The album’s first song, the tender ballad “Workin’ on Whiskey,” features a bit of slide guitar and somber vocals as Yearwood sings, “I’ve tried to give you up, but once you’ve had the strong stuff, nothing else will be enough.” It's a pretty grim opening number.

“I have written a little bit, but I don’t write much,” says Yearwood. “I rely on songs that will express whatever emotion I want to express. My biggest musical hero is Linda Ronstadt. Those songs [of hers] are so gut wrenching. I just love a sad song that tears your heart out, so I’m always looking for those songs you can just pour yourself into. I heard [‘Workin’ on Whiskey’] and just loved it. It sounded like if Linda Ronstadt was making a country record, she would make that song. I don’t like to open an album with a ballad, but it’s such a powerful song and sets up the record.”

She recruited Brooks for the whimsical “What Gave Me Away,” and the chemistry between the two comes across clearly on the playful number.

“He’s his own artist,” Yearwood says when asked about working with Brooks on the track. “I don’t want to ask him to sing on something if it doesn’t make sense. It’s about the person who has your number. I couldn’t imagine singing it with anyone but him. I asked him to do this harmony throughout, and he loved the song too. If he didn’t want to sing on it, he would have just said, ‘This isn’t right for me.’ We have this unspoken language between us when we’re in the studio, and we’re just comfortable. I love how the song turned out. It’s got a groove. It’s Bonnie Raitt-meets-Percy Sledge. It’s a really sexy song, and the guitar solo is probably one of my favorite guitar solos I’ve ever had on an album. I love everything about it, from the lyrics to the melody to the vibe.

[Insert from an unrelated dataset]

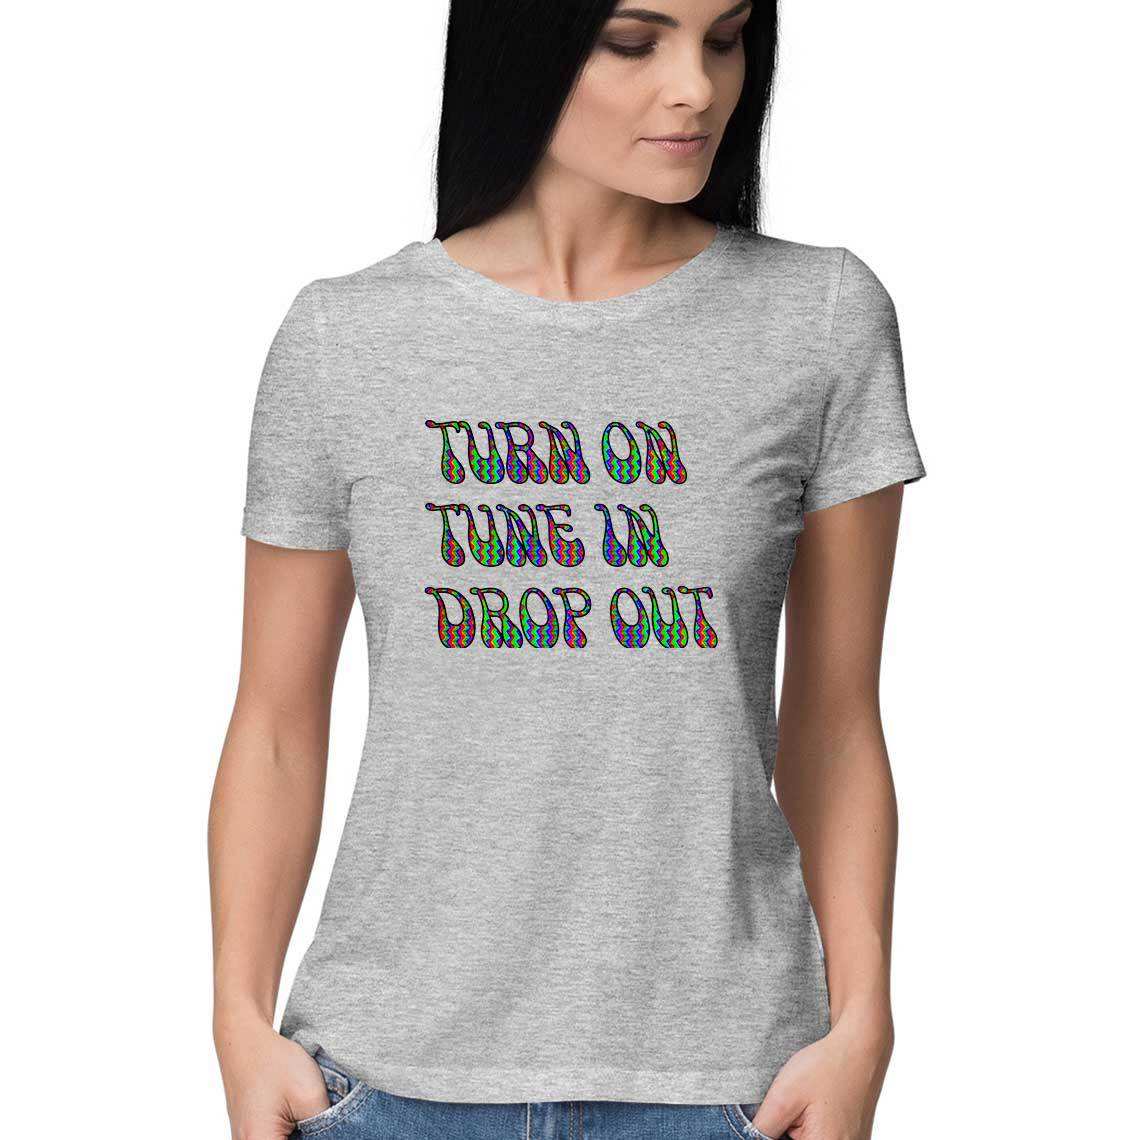 Turn on, Tune in and Drop Out Women's T-Shirt - CBD Store India

Yearwood says that since befriending singer-songwriter Karla Bonoff a few years back, she’s always wanted to cut one of her tunes. She got the opportunity with Every Girl, which includes her rendition of the Bonoff ballad “Home.”

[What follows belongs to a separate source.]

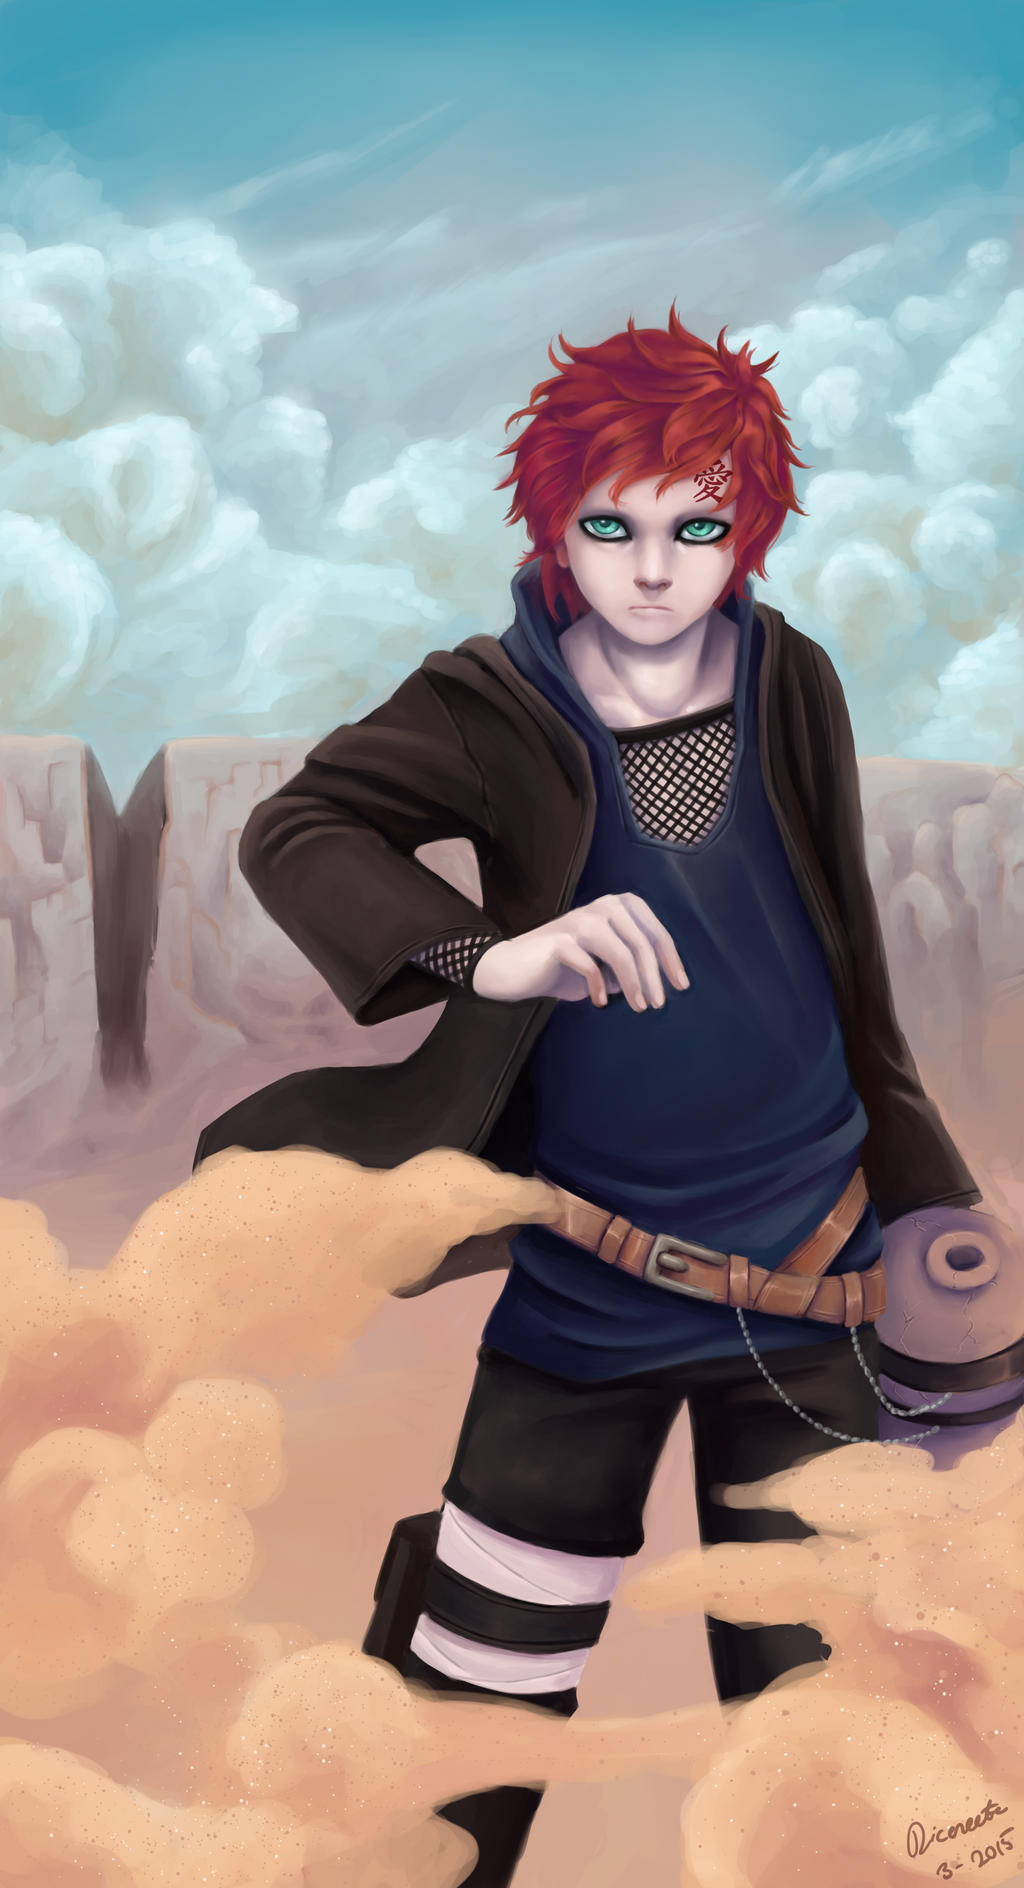 Protecting my home - Gaara of the Desert (video) by Dicenete on DeviantArt

“Because I’m a big Linda Ronstadt fan, that turned me onto Karla Bonoff,” she says. “I went to see Karla play in Nashville a couple of years ago and met her and we became friends. I asked her about pitching me some songs. I didn’t realize that Linda hadn’t recorded ‘Home.' In my head, I thought she had to have recorded it. I try to stay away from things that Ronstadt covered because she is a goddess to me, but I love that song. I wanted to record a Karla song, so it kind of made sense. I didn’t know that Bonnie Raitt had recorded it. I think my version is somewhere in the middle of those two. I tried to make it my own.”

At the time of our interview, Yearwood, a couple days away from the tour’s launch, confesses she can't wait to reconnect with her fans.

“The cool thing about country music is that folks who have been listening to me since 1991 are people who grew up with me,” she says. “They’re so loyal. Country music fans stay with you. It’s a safe environment for me. As nervous as I might be to stat the tour, it’ll be like jumping into warm water. You know there will be love there. I’m really looking forward to it.”